LITTLE ROCK, Ark. (BP)–On Sept. 23, 1957, nine black teenaged students — dubbed the Little Rock Nine — were secretly taken into Little Rock’s Central High School by police through a side door. For a few hours that day, racial integration took place.

The Southern Baptist Convention and the Arkansas State Baptist Convention have since publicly repented for actions and inaction that supported segregation during such junctures as the Central High crisis.

Pastors of prominent white congregations joined in statements commending Arkansas Gov. Orval E. Faubus’ use of National Guard troops to block the entrance to Central High and thwart the school board’s efforts to integrate the city’s schools. One such statement noted, “The laws of the state of Arkansas call for the separation of the races in the public schools of the state. It is the duty of the governor of the state to do his utmost to see that the laws of the state are enforced.”

On the other hand, in the Sept. 12, 1957, edition of the Arkansas Baptist, a group of white ministers in Little Rock publicly denounced Faubus. The group included pastor W.O. Vaught of Immanuel Baptist Church, Dale Cowling of Second Baptist Church; and Harold Hicks of Pulaski Heights Baptist Church.

“We, the undersigned ministers of Little Rock, strongly protest the action of Gov. Orval E. Faubus in calling out the armed forces of the state to surround Central High School, thereby preventing integration in compliance with the Supreme Court’s decision of May 1954 and the order of the Federal Court of August 1957,” one statement said.

Throughout this September, a wide variety of 50th anniversary commemorative events have been sponsored by governmental entities like the Little Rock School Board, the city of Little Rock and the University of Arkansas at Little Rock’s Bowen School of Law.

While Southern Baptist churches in Little Rock apparently made no plans to bring up the subject of racial reconciliation on Sept. 23, race relations among Baptist churches in Little Rock is a multi-layered issue. Both whites and blacks Baptists acknowledge that there is now an increasing sentiment that Sunday segregation among churches is not right, especially in a community like Little Rock where blacks and whites live, work and study together.

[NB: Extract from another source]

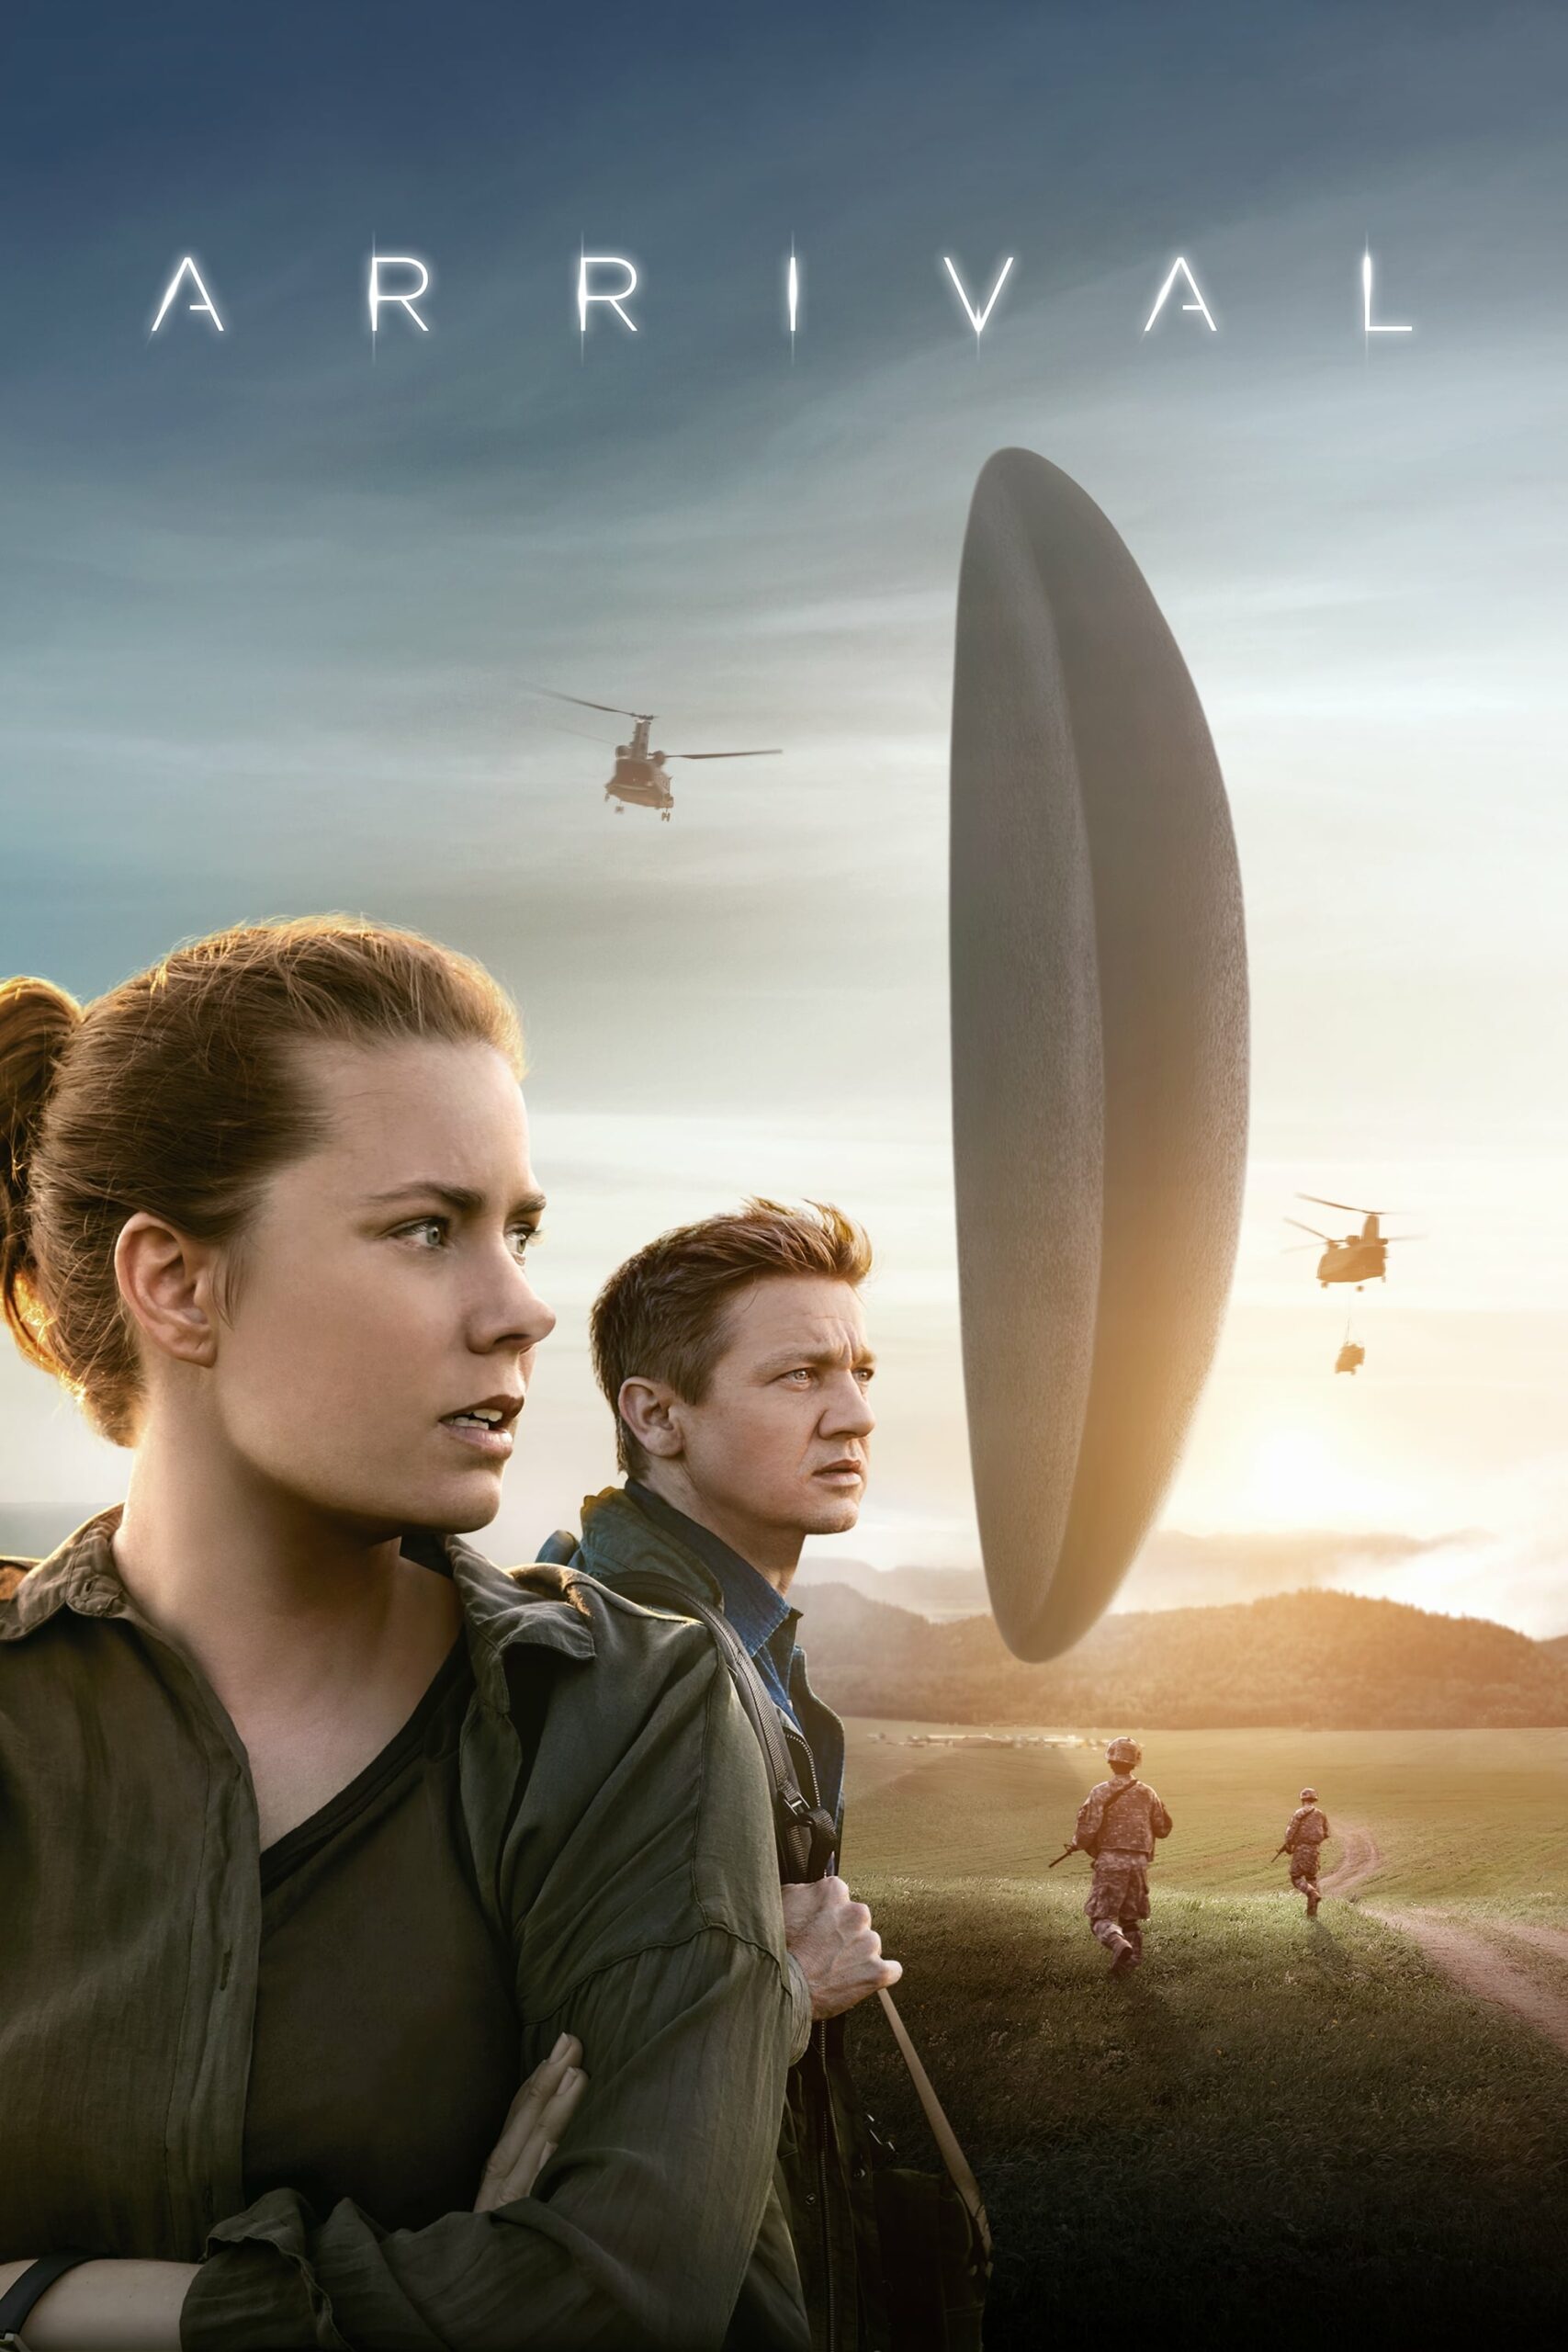 Arrival (12A)

According to a resolution passed by unanimous voice vote of messengers to the Arkansas State Baptist Convention in 2002, Arkansas Baptists noted, “Artificial, arbitrary, capricious, and often hurtful boundaries continue to obstruct the unity of God’s people…. [D]ivisions based on considerations of ethnicity, nationality, and language impede our task of relating properly to others, identifying them as our neighbors, meeting their physical and spiritual needs, and ultimately helping them accept Christ as their Lord and Savior.”

The messengers commissioned a unity committee to study the issue and bring recommendations. In a 15-page report, the committee acknowledged the reality of racial disunity among Southern Baptist churches in Arkansas, described how it had come to be, provided reasons why Southern Baptists should seek multicultural congregations and set forth suggestions for achieving racial diversity. Messengers at the 2003 convention adopted the report.

One of W.O. Vaught’s successors at Immanuel Baptist Church was Rex M. Horne. Horne, currently the president of Ouachita Baptist University in Arkadelphia who served as the convention’s president for three years.

Horne said he sees relationships between blacks and whites serving in joint church ministries as having progressed and changed for the better over the past 50 years. The raw attitudes that were displayed by many white Baptists during the Central High crisis are no longer displayed in or tolerated by Baptist churches, he said.

“My sense of it is that we are in great shape,” Horne said. “I think there is great cooperation, there is willingness, we know each other better than before in years past.”

Horne said his heart has always been turned toward race relations. He and his wife consciously chose to put their four children through Central High. He led Immanuel to cooperate with predominantly black churches for pulpit exchanges, city prayerwalks, inner-city ministries and an annual sports banquet.

When it comes to worshipping together in integrated congregations, Horne’s observation is that blacks and whites are comfortable in churches composed predominantly of their own race. He said it is natural to congregate with people one grew up with, went to school with and live near.

Horne said he is not as troubled with what Christians do with one hour on Sunday morning as he is with how they act during the week.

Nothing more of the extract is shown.